Problem with generic function caches in EXCL (aka Allegro CL)



In performance tuning our CLOS-based window system, I noticed an
inordinate number of generic function cache misses.  In tracking this
down, I discovered that (almost) all caches appeared to be only 1/4
full and that the cache misses were being caused by collisions in the
cache.

I believe the source of this problem is as follows:

  The macros object-cache-no and generic-function-cache-offset compute a
  hash-key based on the address of the object's class and a mask.  For
  generic functions with one method and for a cache size of 32, this
  hash-key is essentially bits 2 thru 5 (where bit 1 is the low order
  bit) of the address of the object's class.

  The problem is that classes appear to be double-word aligned (actually
  double word aligned plus 1, since (excl::pointer-to-fixnum class)
  always returns a value that is 1 in mod 8).  Thus bits 2 and 3 are
  always the same, leaving only 4 unique hash-keys (determined by bits 4
  and 5) rather than the 16 intended.

This problem becomes less severe as the number of specialized arguments
goes up, but since 95%+ of our functions have a single specialized argument
we were getting only 1/4 use out of nearly all of our caches.

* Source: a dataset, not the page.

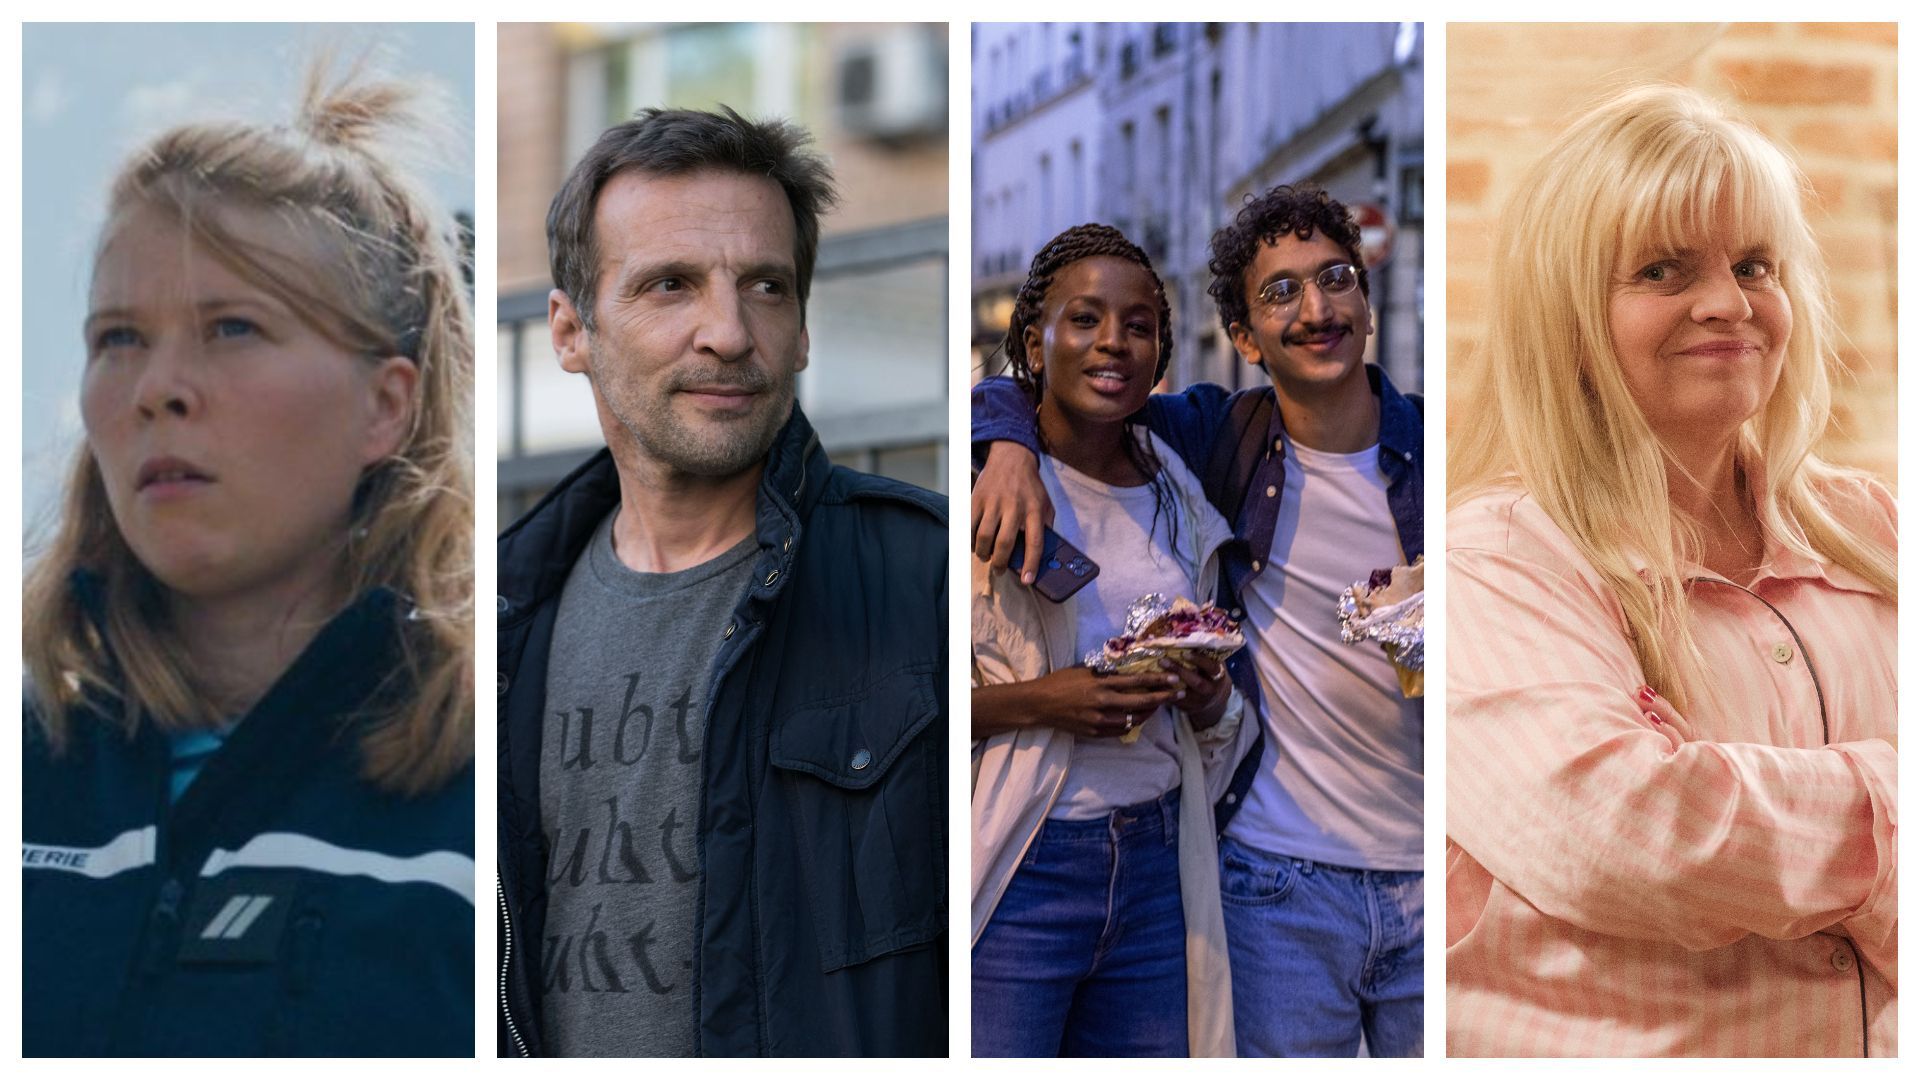 India Hair dans "Des Gens Bien", Mathieu Kassovitz, Mariama Gueye, Younès Boucif dans "Drôle", Isabelle Nanty

I solved this problem by rewriting object-cache-no to shift the address
three bits to the right as follows:

In excl-low.lisp --

(defmacro object-cache-no (object mask)
  `(logand (%ash (the fixnum (excl::pointer-to-fixnum ,object)) 3)
           (the fixnum ,mask)))

(defmacro %ash (fixnum count)
    ;; This is very dangerous and shouldn't be done.  But ...
    ;; EXCL ash appears to be just too slow to be of use.  But then maybe I
    ;; just don't know the right compiler declarations.
    `(comp::.primcall 'shift-right ,fixnum ,count))

This change got rid of nearly all of our cache misses and sped up the system
by about 10% (obviously something else is dominating the time!).

My guess is that the doubling of the cache size suggested by Jim Larus a
few months back is another solution to the same problem (i.e., decreasing
the number of collisions in the cache), but one that still wastes 3/4
of the cache space (for singly specalized functions).

CAVEAT:  I am running on a very old PCL (87/8/27) and on Allegro 3.0.1.
I checked the sources for the 88/8/2 version of PCL and as far as I can tell,
the object-cache-no/generic-function-cache-offset scheme hasn't changed 
(in essence) at all.  Hence I am assuming that this problem and its fix will
hold for the latest PCL, but I haven't tried it out myself.

-- Frank

---------------------------------------------------

Frank Halasz          
MCC Software Technology
3500 West Balcones Center Drive
Austin TX 78759.
[512]338-3648 

halasz@MCC.COM
or {harvard,ihnp4,nike,seismo}!ut-sally!im4u!milano!halasz